At first glance, yes. But the selection of photos bothered me.

One of the first images that came up showed one of the Mars rovers. He had chosen this illustration to talk about APIs, i.e. programming interfaces for the technology. Now, I know what an API is but it took me until the next morning(!) to figure out that he had probably chosen this picture to illustrate the idea of remotely controlling something. That's one of the aspects of an API, sure, but he didn't talk too much about this specific aspect and so the connection with the image didn't work.

When talking about the costs of the technology, he put up a photo of a pocket calculator with some coins (small change) next to it. That may not be the most original idea to illustrate cost, but it was appropriate, since the technology in question does cost small amounts of money per usage or per time, so you can start cheap but have to calculate your actual costs. What bothered me about this particular picture was that the coins were clearly not Euro coins (as you would expect for a talk by a German in Germany); they were actually Pennies, i.e. British money.
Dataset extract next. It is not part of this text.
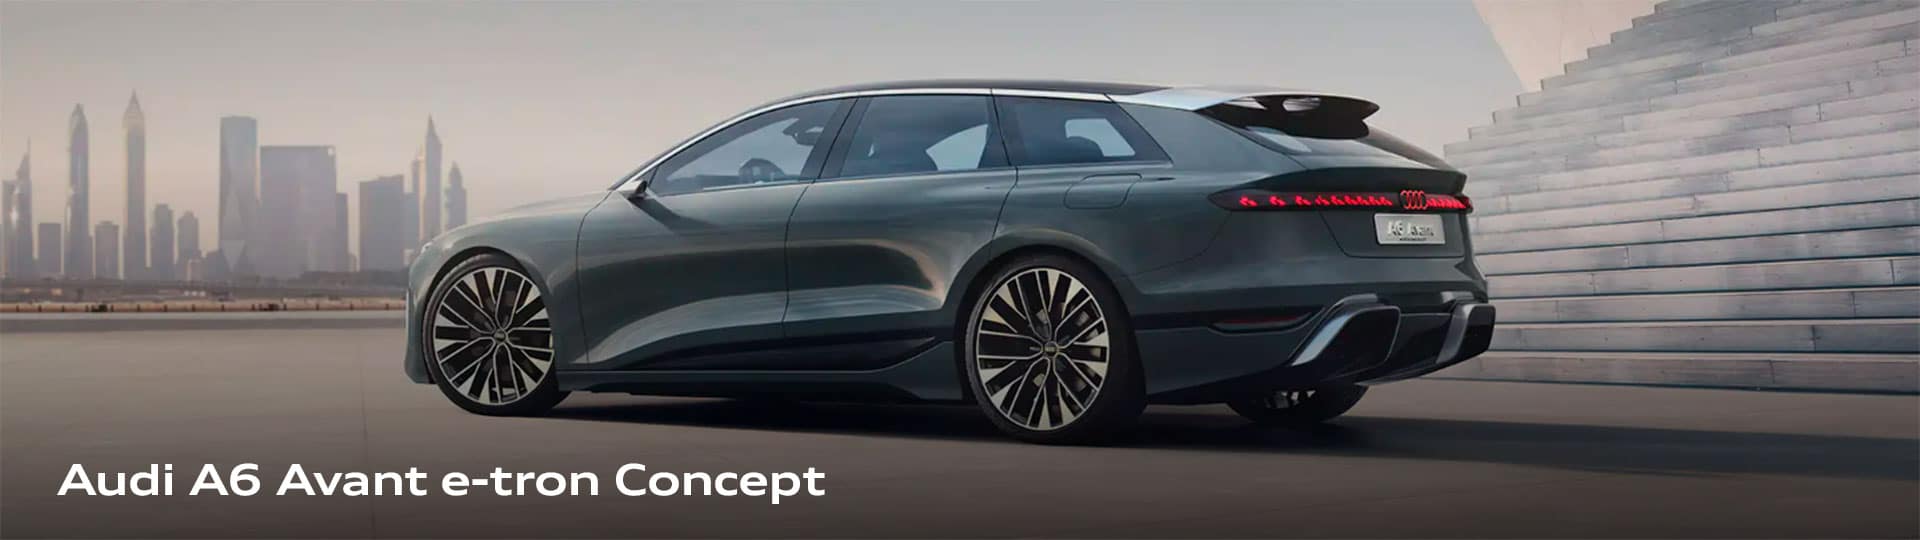 Audi-A6-Avant-e-tron-Concept-Cabecera

The most glaring choice of a wrong photo, however, was for when he talked about scaling the technology. A common problem in technology is that something might work on a small scale, e.g. for only a few customers, but may not work as well - or at all - any more when you have a lot of customers. While you can scale things down, "scaling" is mostly referred to when the problem is to scale something up. So "Scaling" equals "Up", as it also did in the context of this talk. Yet he used the photo you can also see here, of a gondola of a cable car going down the mountain (the image is static, but we read from left to right, so that gondola is going down in the minds of most people).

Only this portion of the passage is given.